The reaction came after the Conservatives and Labour were left struggling to respond to the challenge of Ukip leader Nigel Farage’s Euro-sceptic party following its first victory on a Westminster seat in Clacton by-election after Douglas Carswell received 60 per cent of votes after he defected as a sitting parliamentarian for Mr Cameron’s Conservatives to UKIP. While Ukip lost the second seat on a very close note with just 617 votes in Labour traditional stronghold at Heywood and Middleton.
“Something big is happening here. People want change. They have had enough of career politicians in three parties who don’t even understand the problems they face in their everyday lives. People want real change.
“We’ve got a chance here in a general election next year that is likely to be very tight, in an election in which no one party is likely to have a majority – if Ukip can keep this momentum going, we could find ourselves next May in a position where we hold the balance of power.”
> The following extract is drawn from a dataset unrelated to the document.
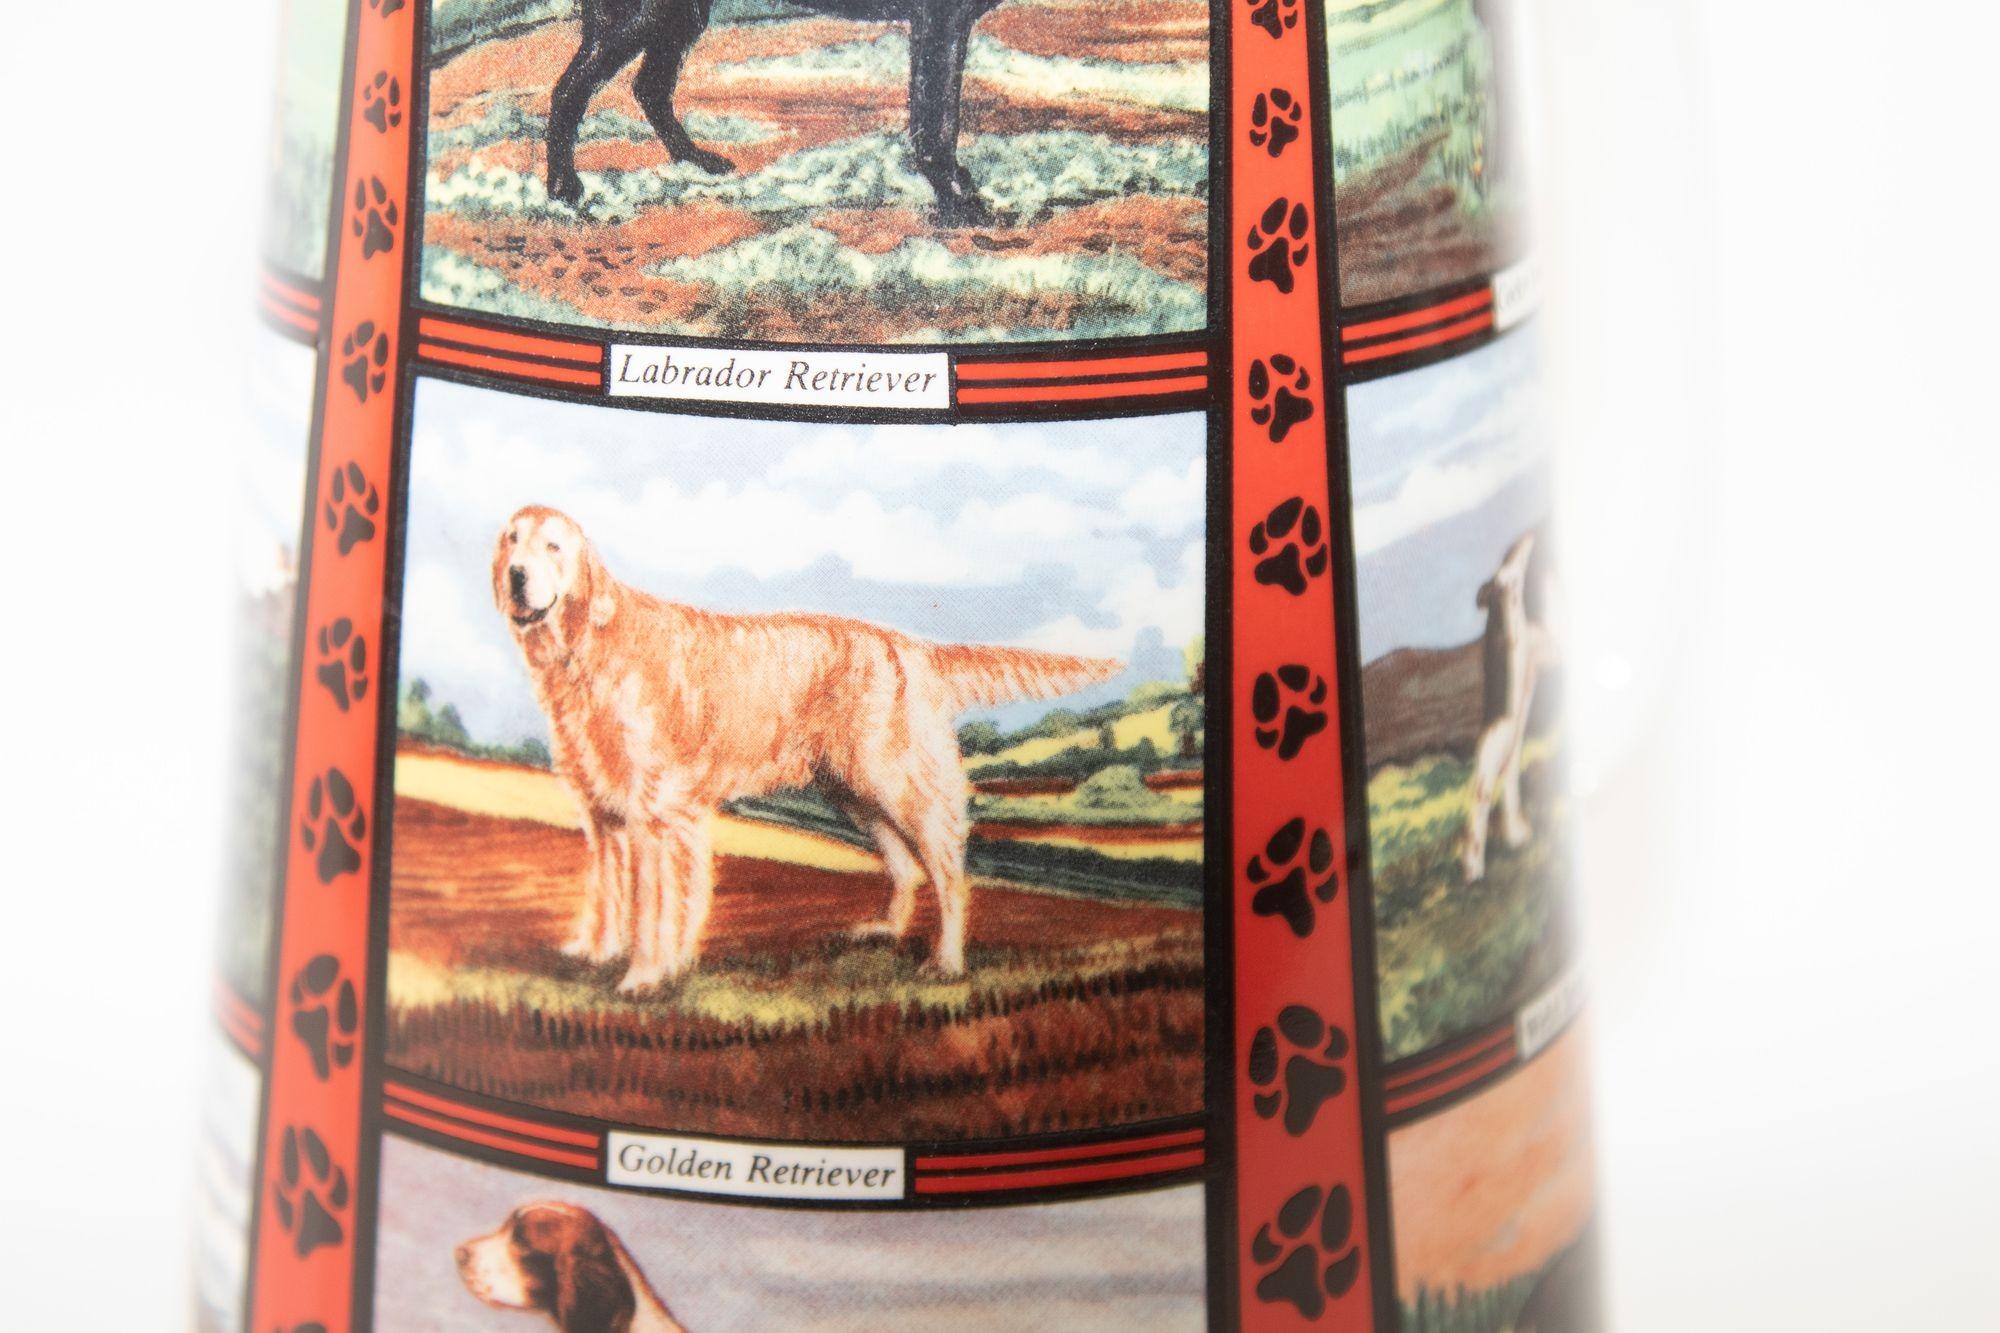 Vintage 1970s Ceramic Pitcher, Derbyshire England with Dog Breeds Pictures For Sale 9

On a visit to school in his Witney constituency in Oxfordshire, the Tory leader has raised concerns that the rise in support for Ukip could open the door to a Labour government.
Mr Cameron has said: “This speaks to a wider truth that if you vote Ukip, you are in danger of getting a Labour government with Ed Miliband as prime minister, Ed Balls as chancellor.
“You’ll get no action on immigration, no European referendum and, most importantly, you won’t get a continuation of the plan that’s delivering success for our economy and security for our people.
“That is the wider lesson of last night. We have seven months to demonstrate that only a Conservative government can give people the stability and security we all want to see.”